-- TASK INSTRUCTIONS --
Could the listing be repeated exactly, with every picture dropped?

-- PROVIDED DATA --
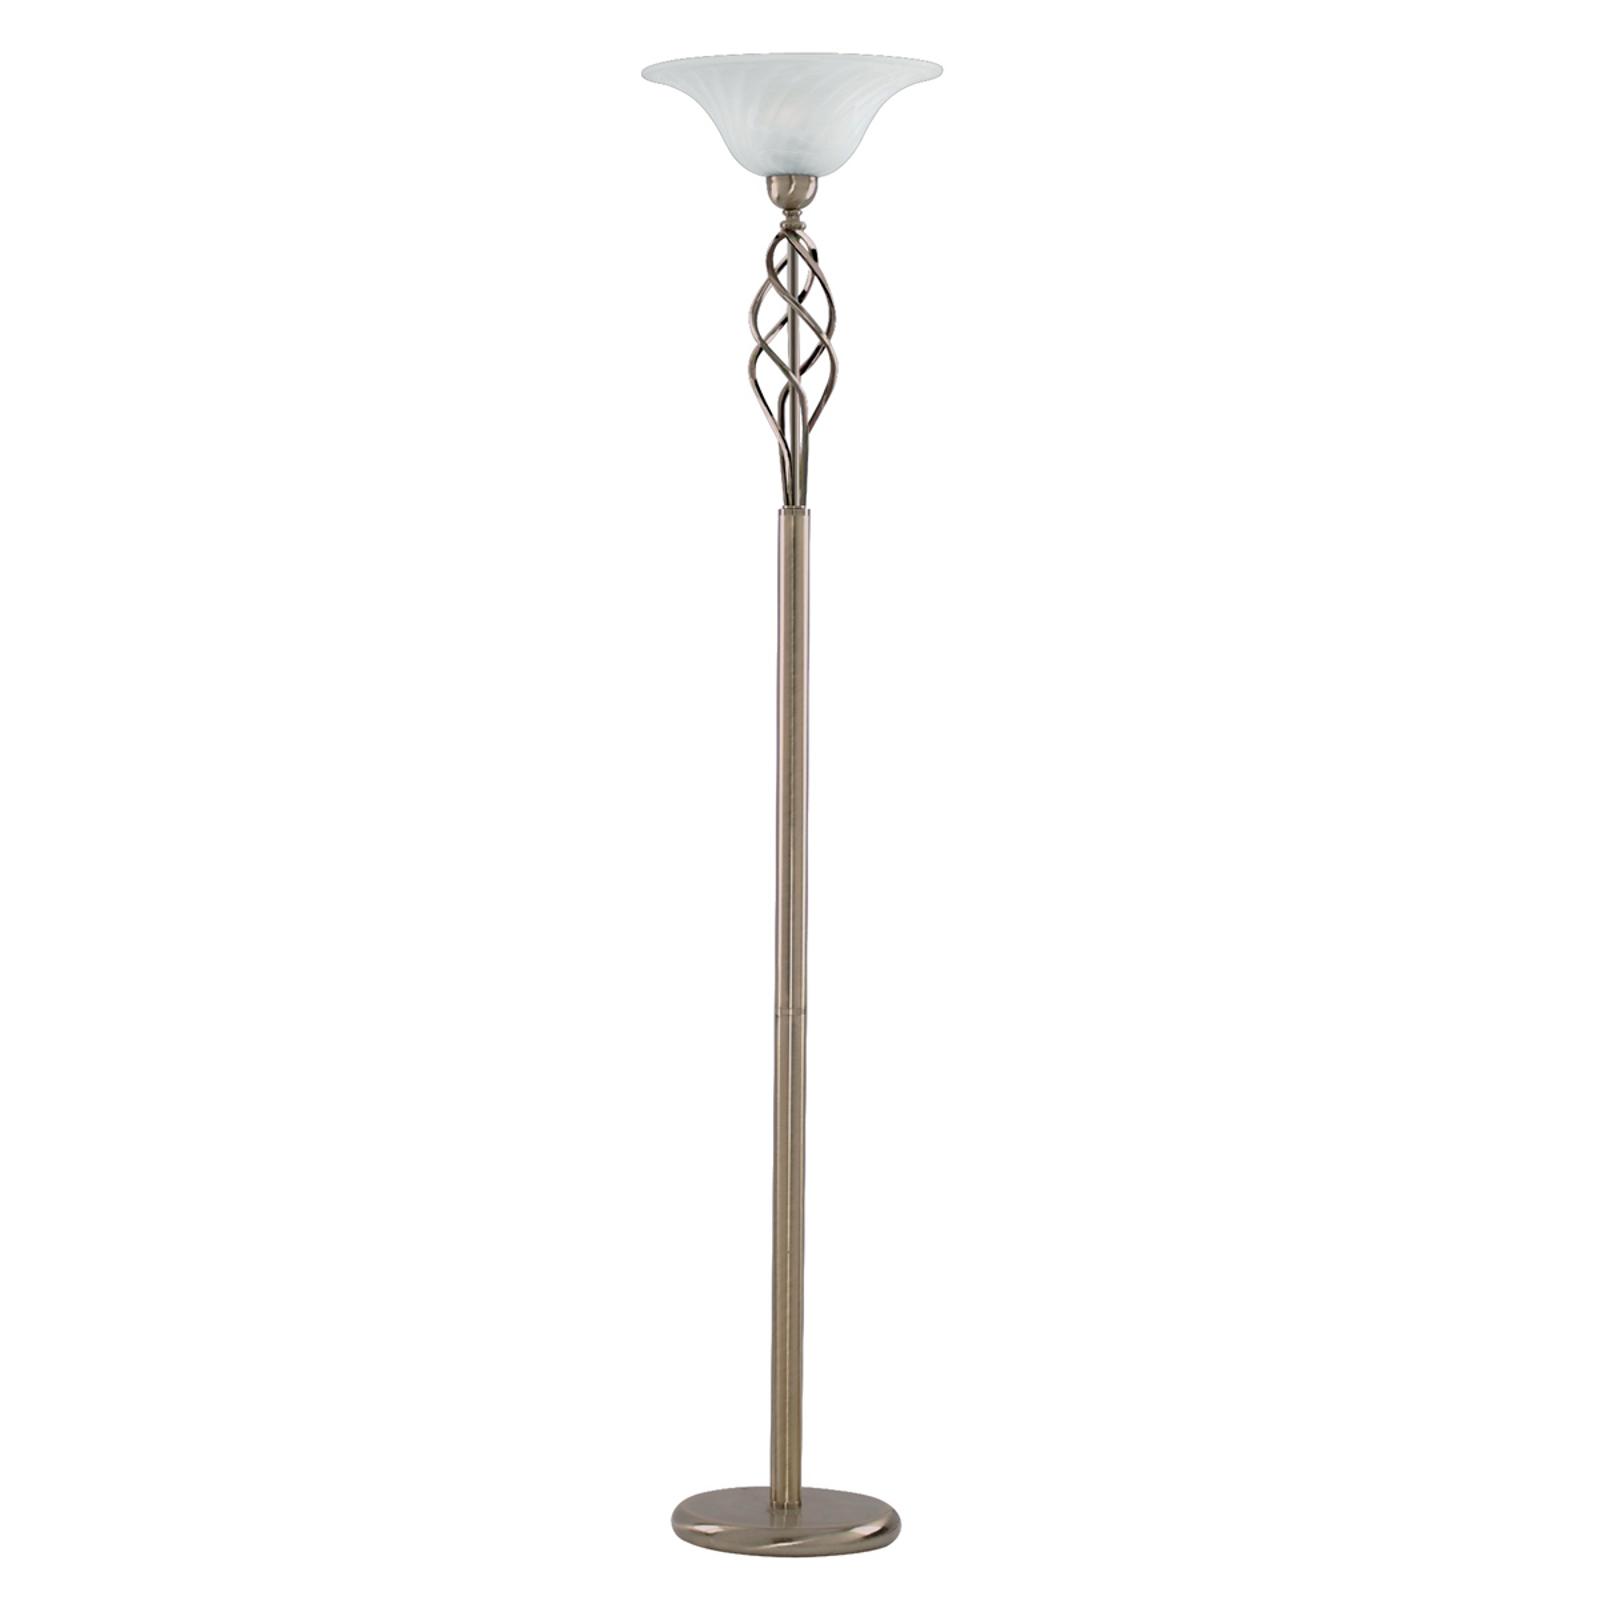 Elegante lampada pavimento FIONNA, ottone antico
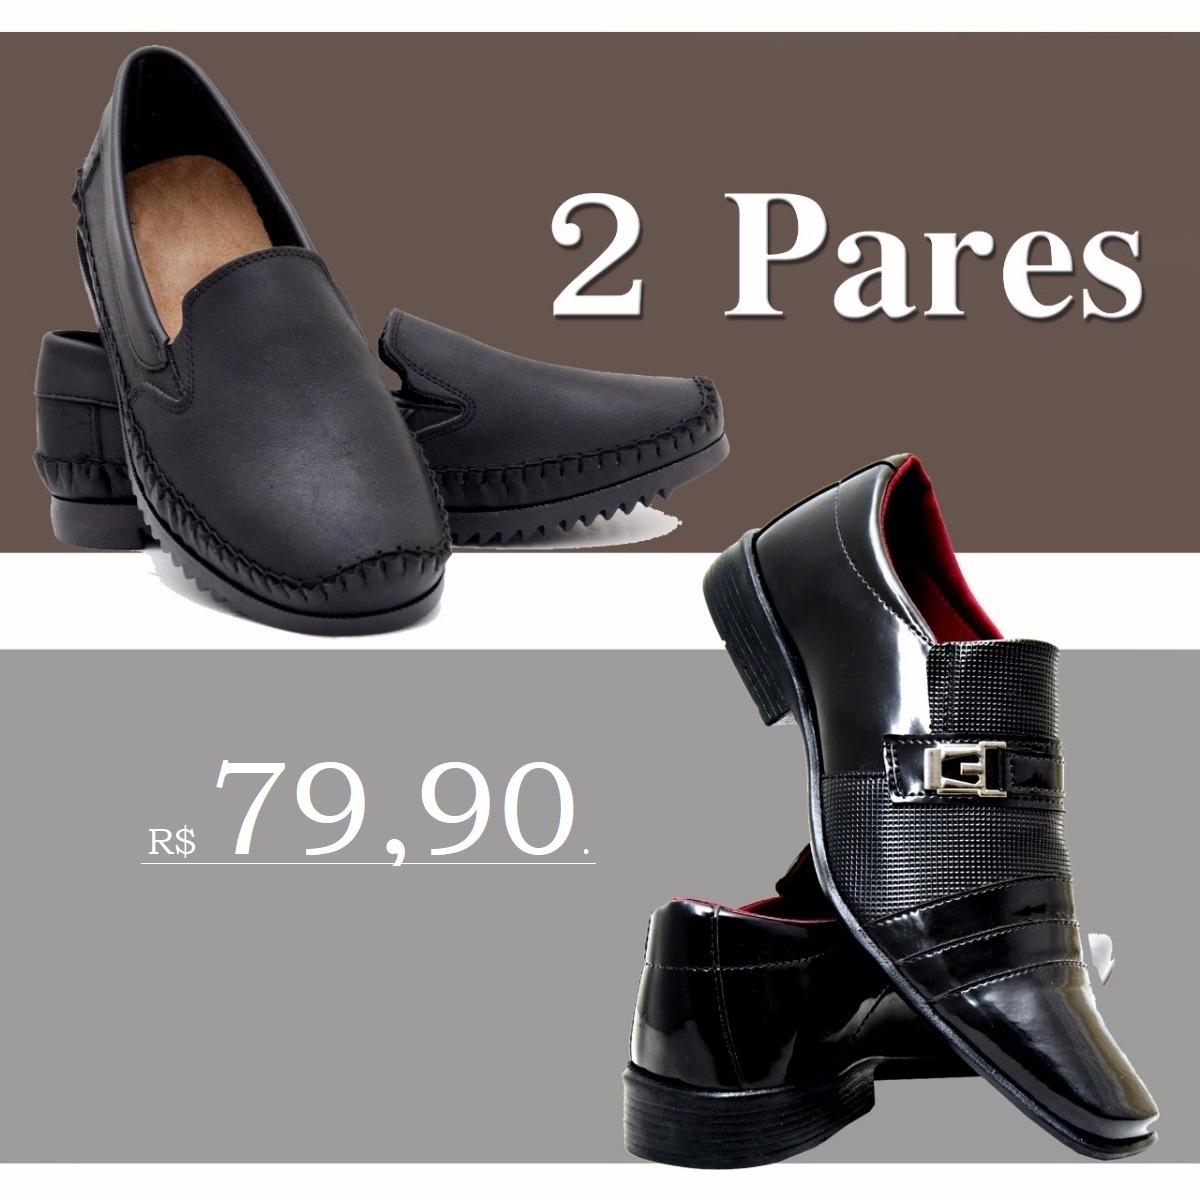 afde57144 kit sapato social masculino verniz+sapatilha couro legítimo. Carregando  zoom.
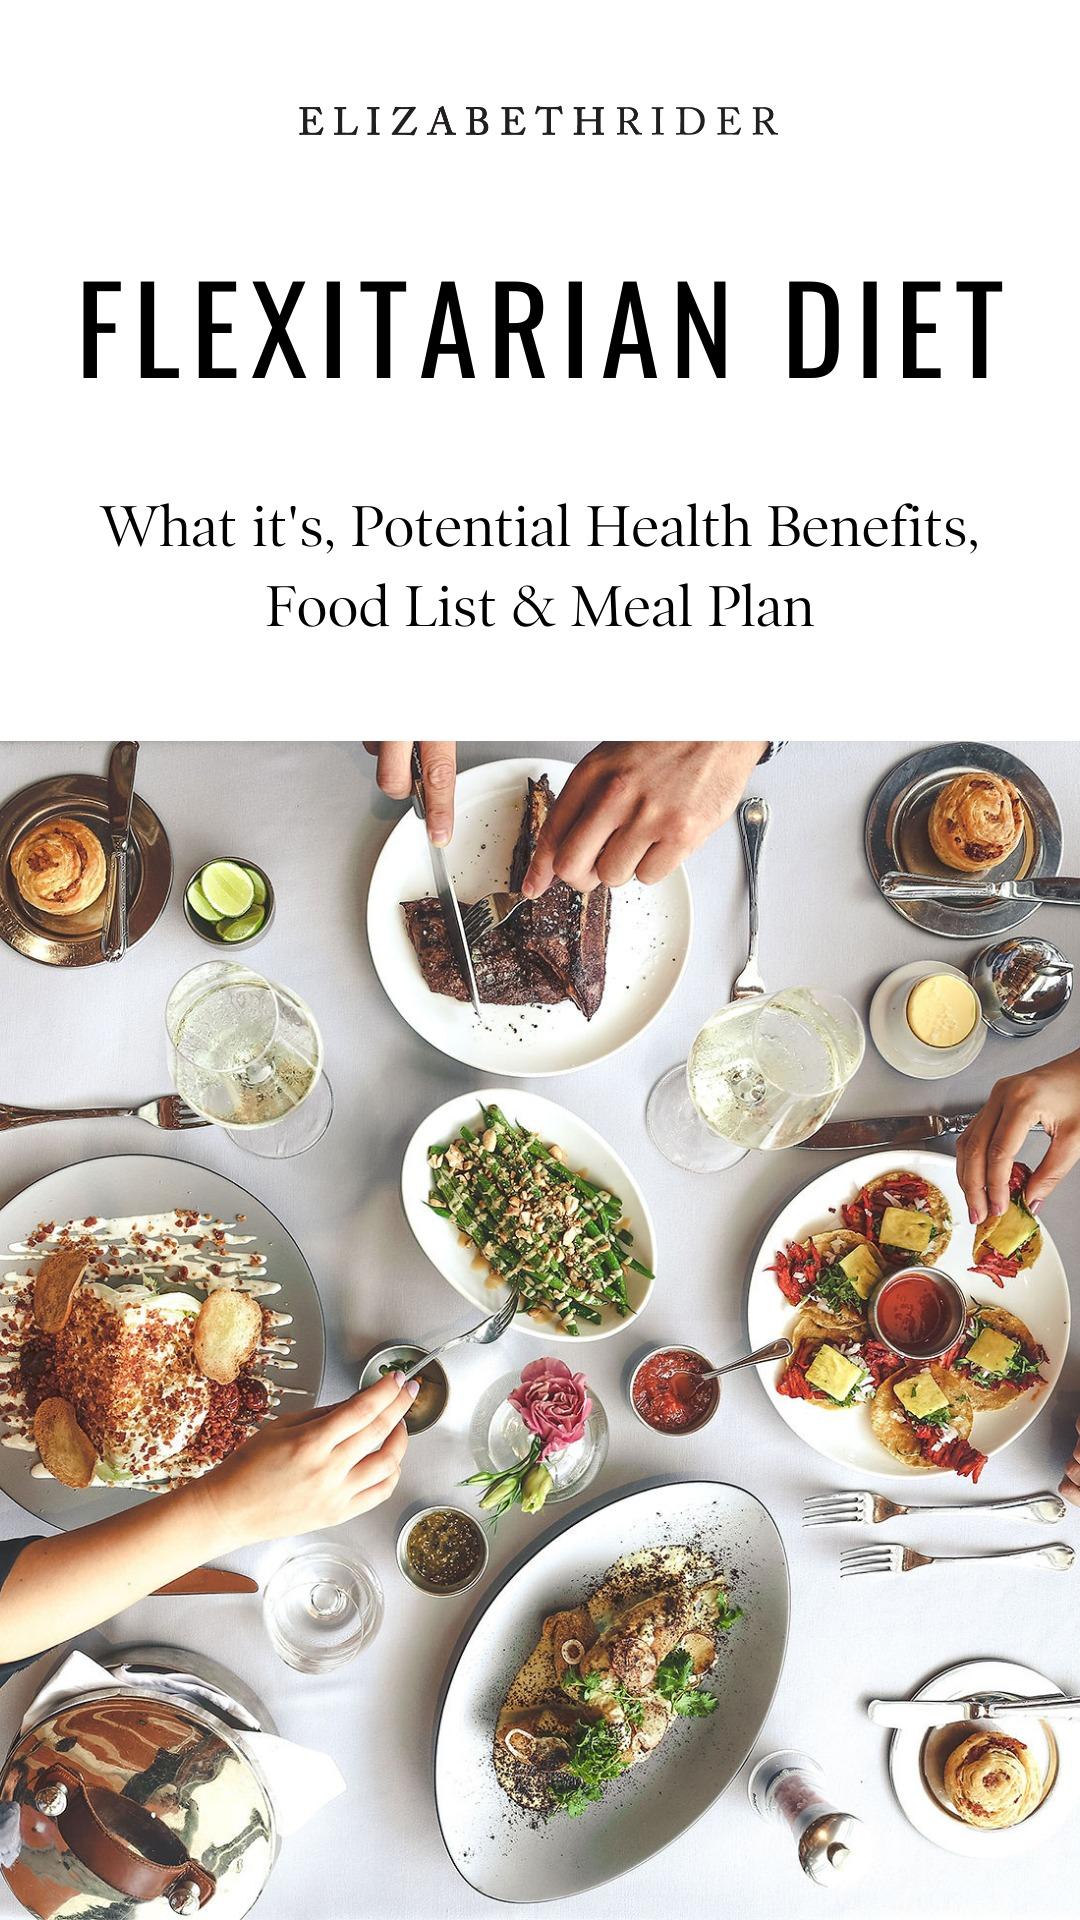 Flexitarian Diet Guide: Benefits, Food List & Meal Plan | Elizabeth Rider

-- ANSWER TO THIS PROBLEM --
 Elegante lampada pavimento FIONNA, ottone antico
 afde57144 kit sapato social masculino verniz+sapatilha couro legítimo. Carregando  zoom.
 Flexitarian Diet Guide: Benefits, Food List & Meal Plan | Elizabeth Rider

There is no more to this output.